Task instructions:
Restate, exactly as written, the entries below from the line that holds "Small golden egg wireless bluetooth speaker" through the line that holds "http://felice-ongakuin.com/news/2014-06-02-17-26-05_deco.jpg". Pictures are not part of the copy.

Data for analysis:
================================
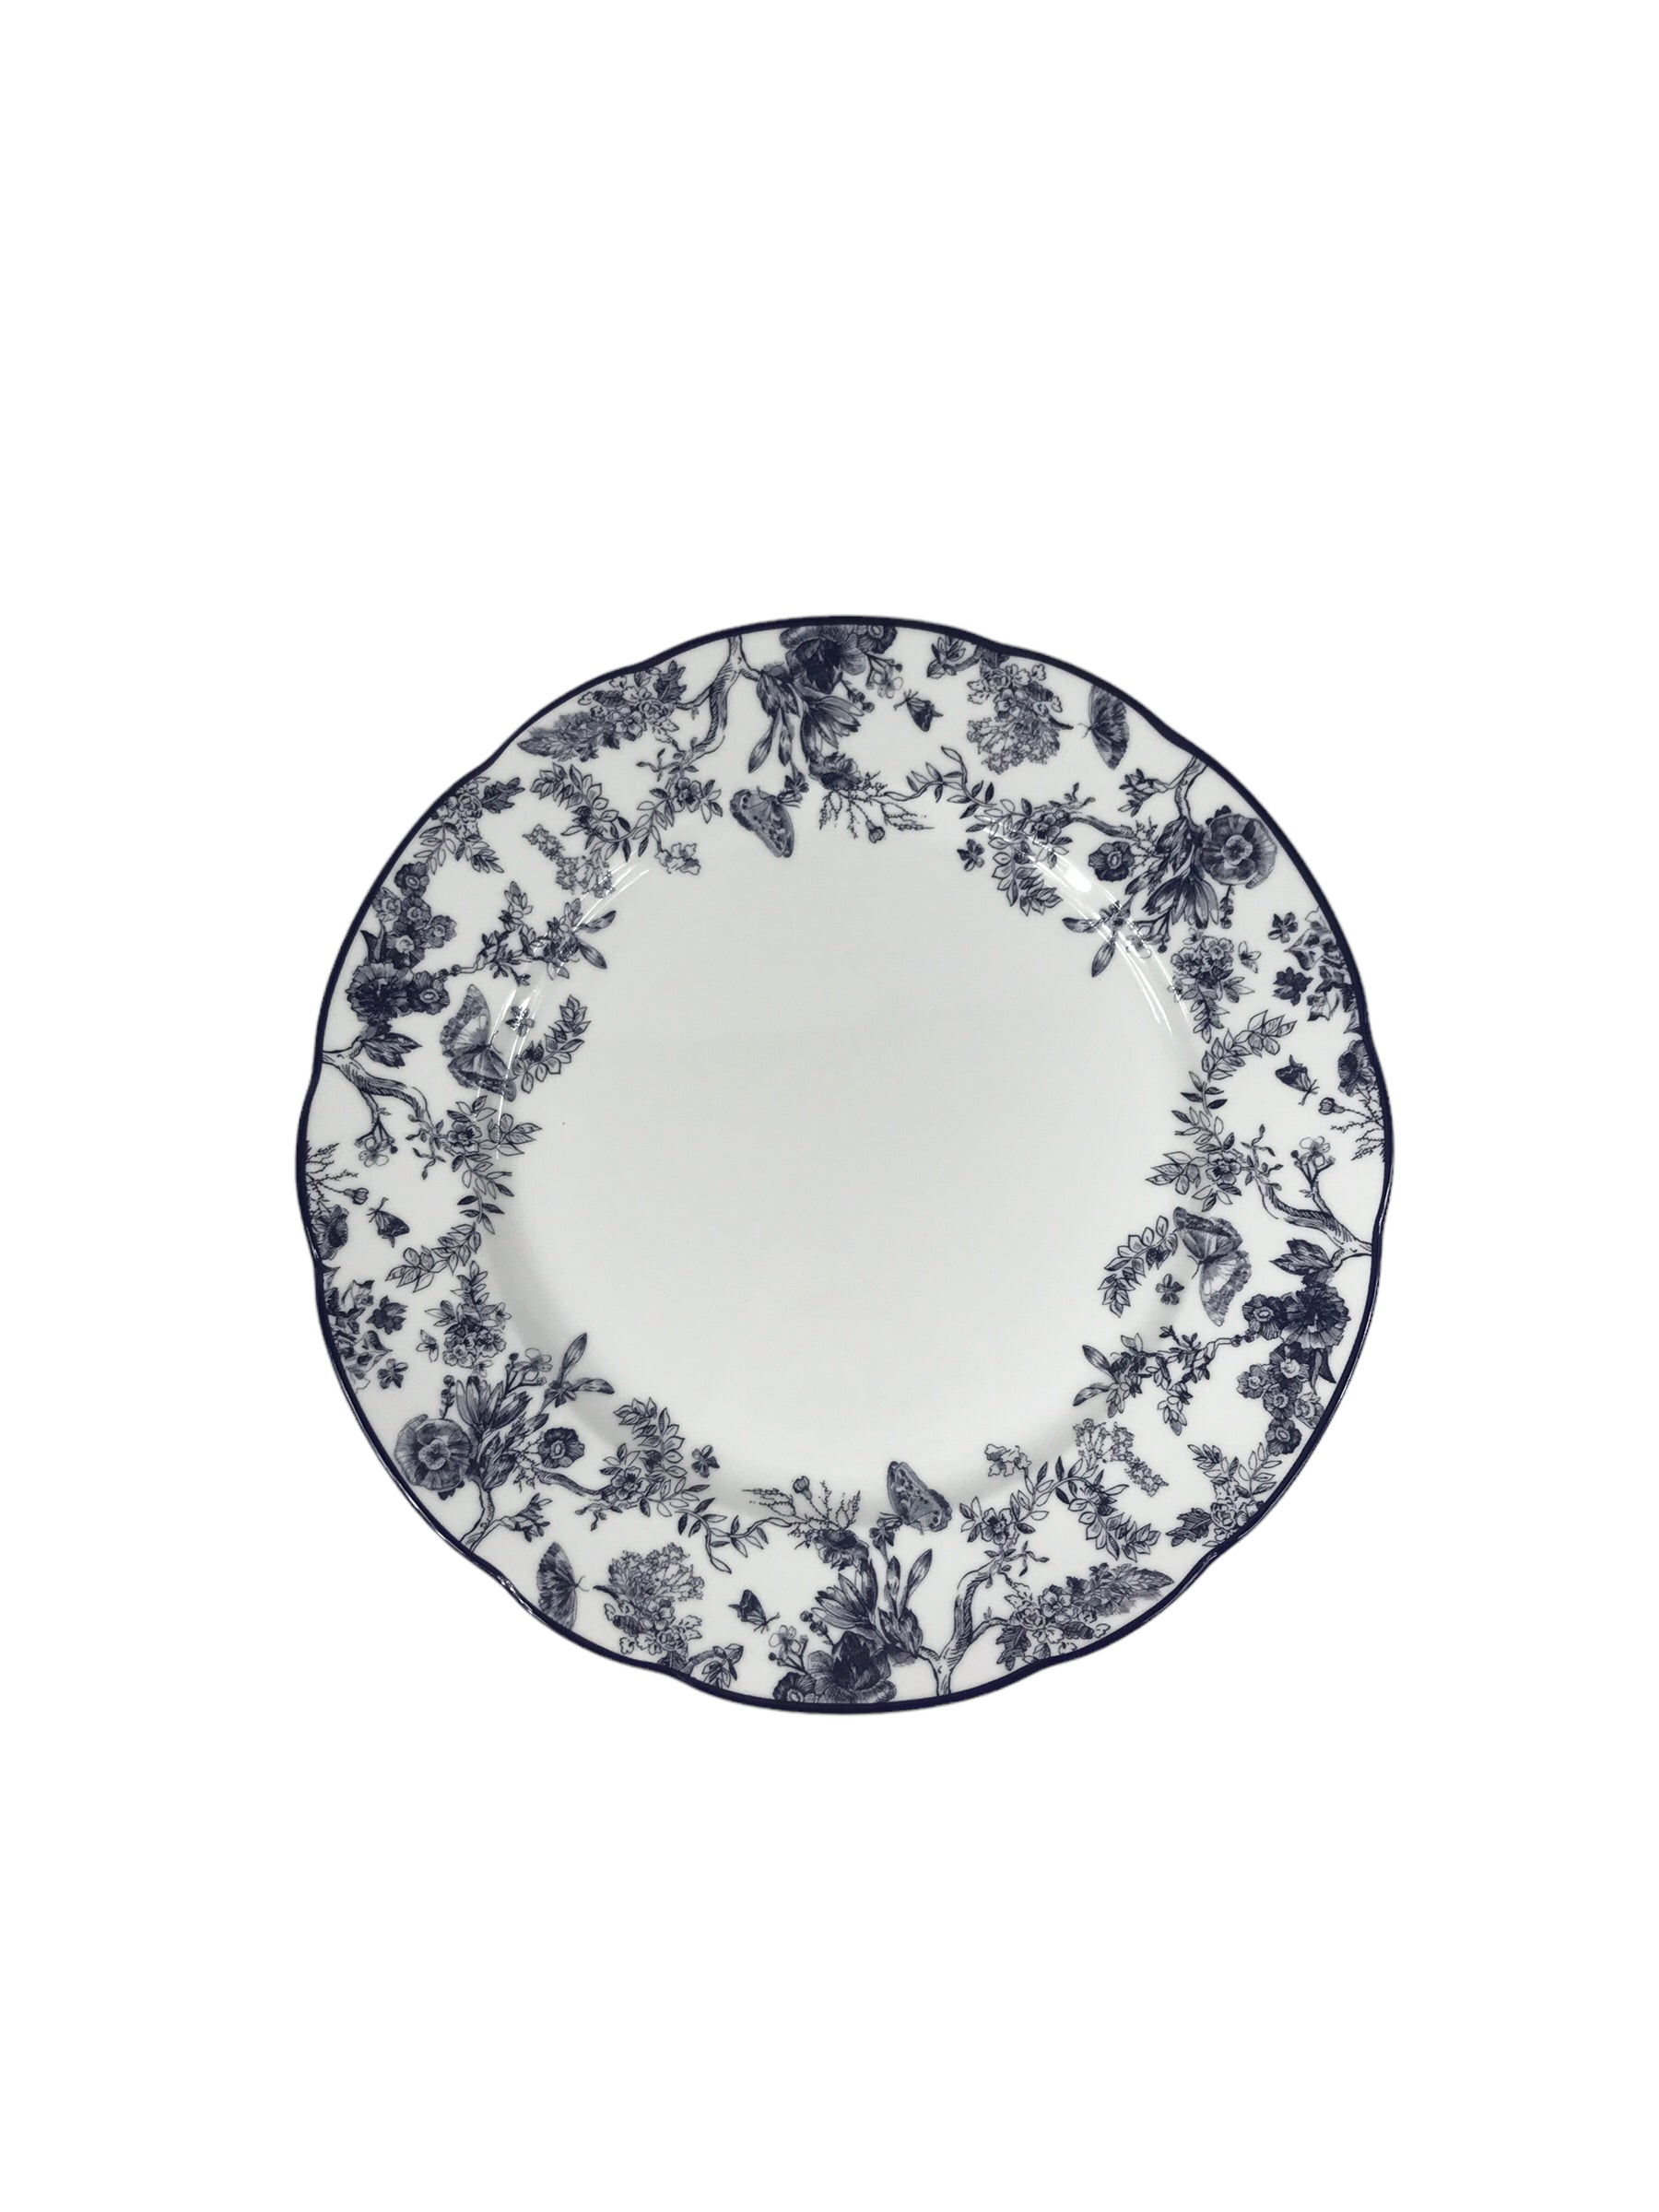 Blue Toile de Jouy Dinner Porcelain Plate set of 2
================================
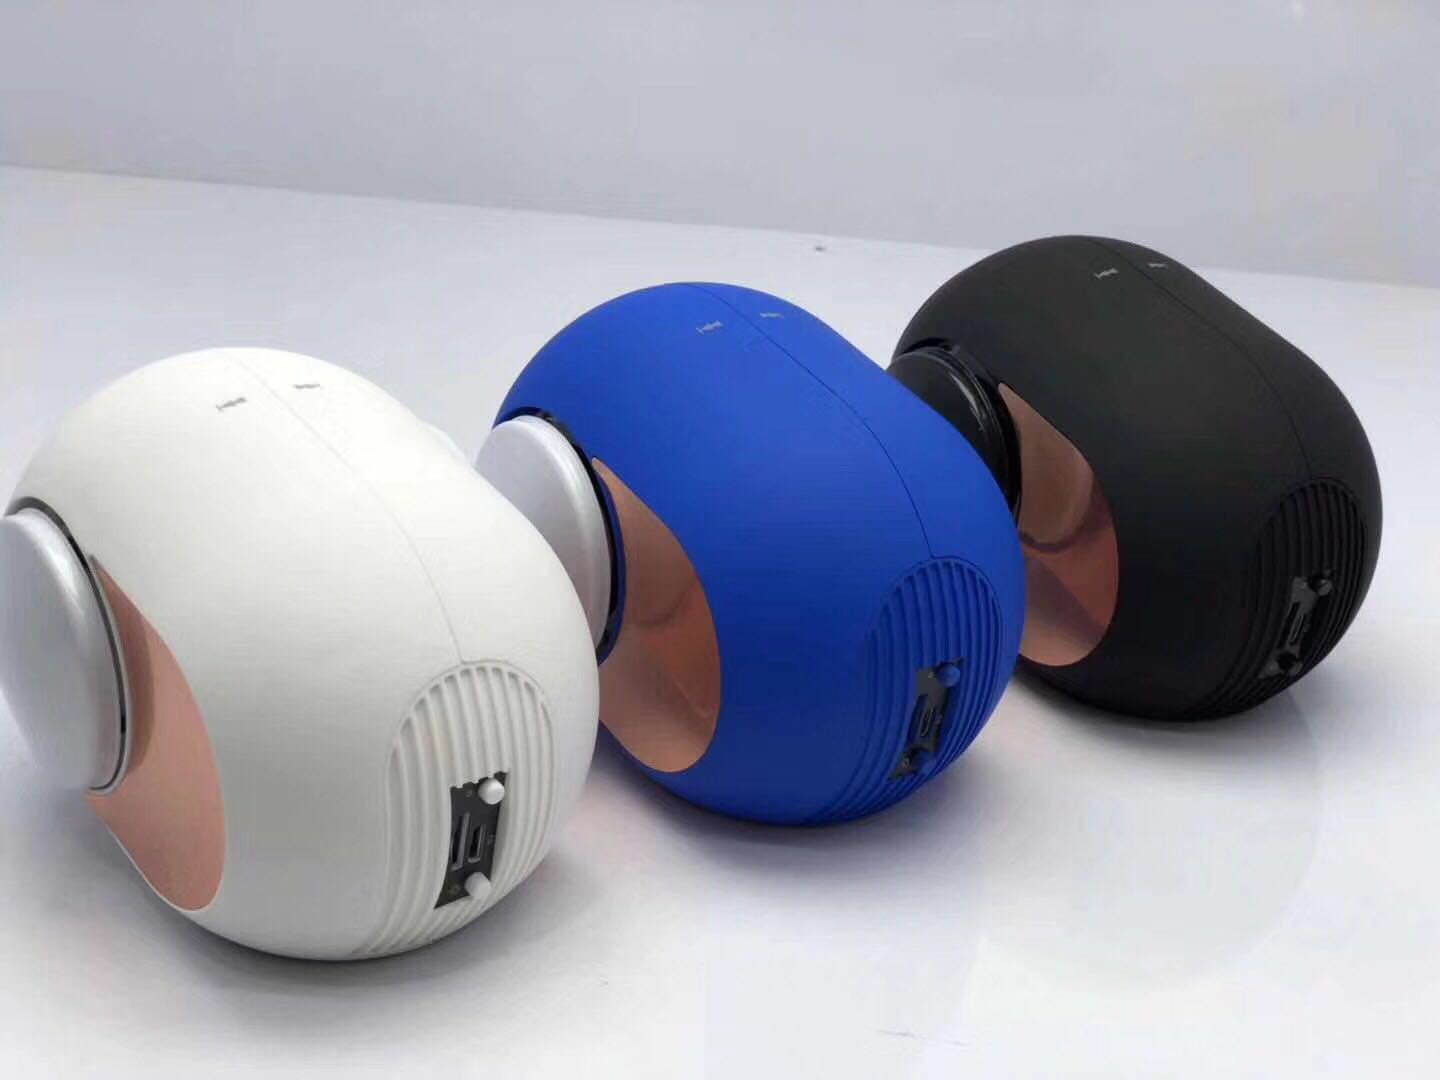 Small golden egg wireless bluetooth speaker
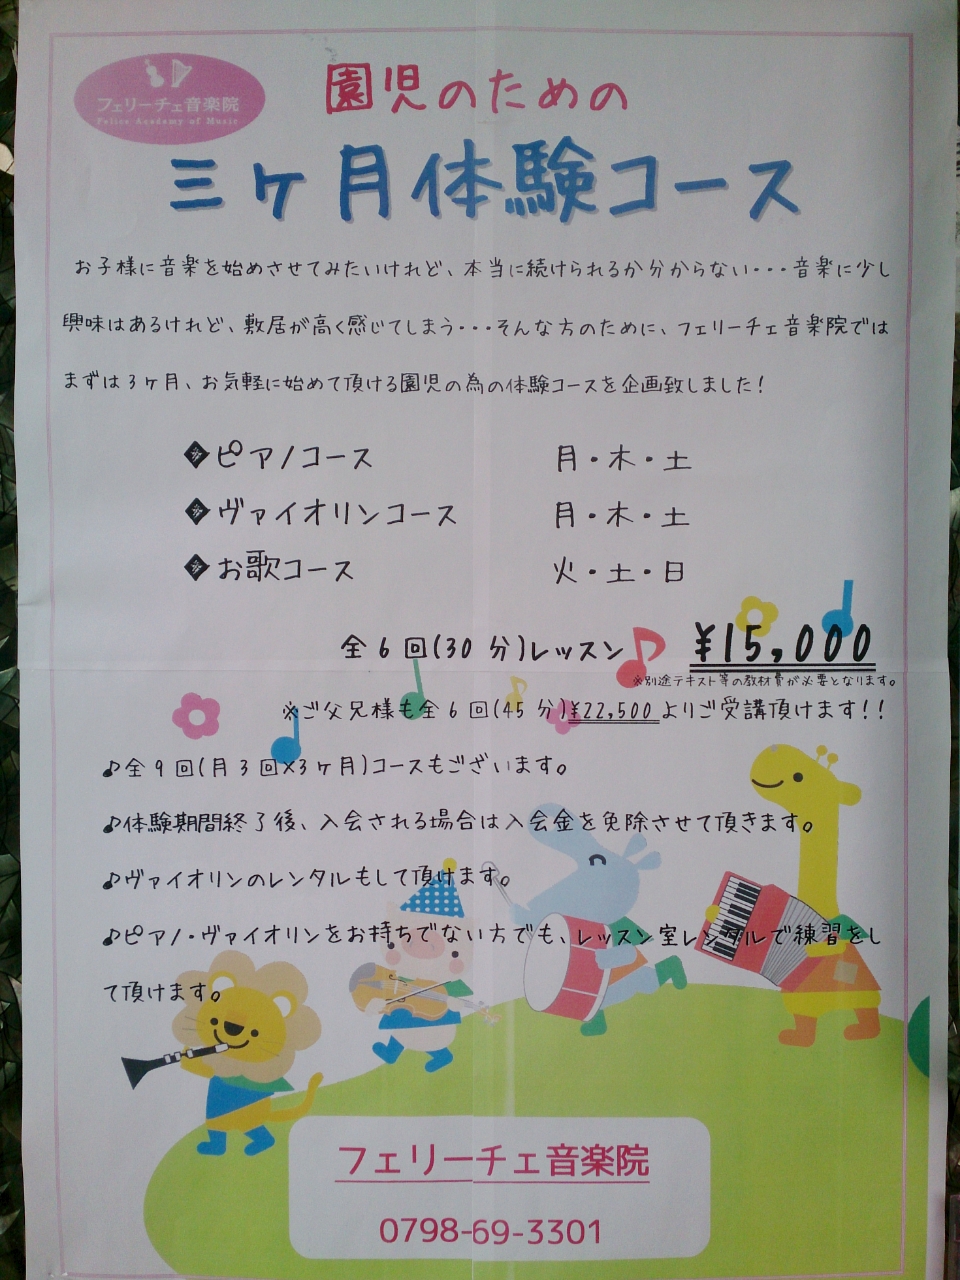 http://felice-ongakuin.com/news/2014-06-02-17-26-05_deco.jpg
================================
Written reply:
 Small golden egg wireless bluetooth speaker
 http://felice-ongakuin.com/news/2014-06-02-17-26-05_deco.jpg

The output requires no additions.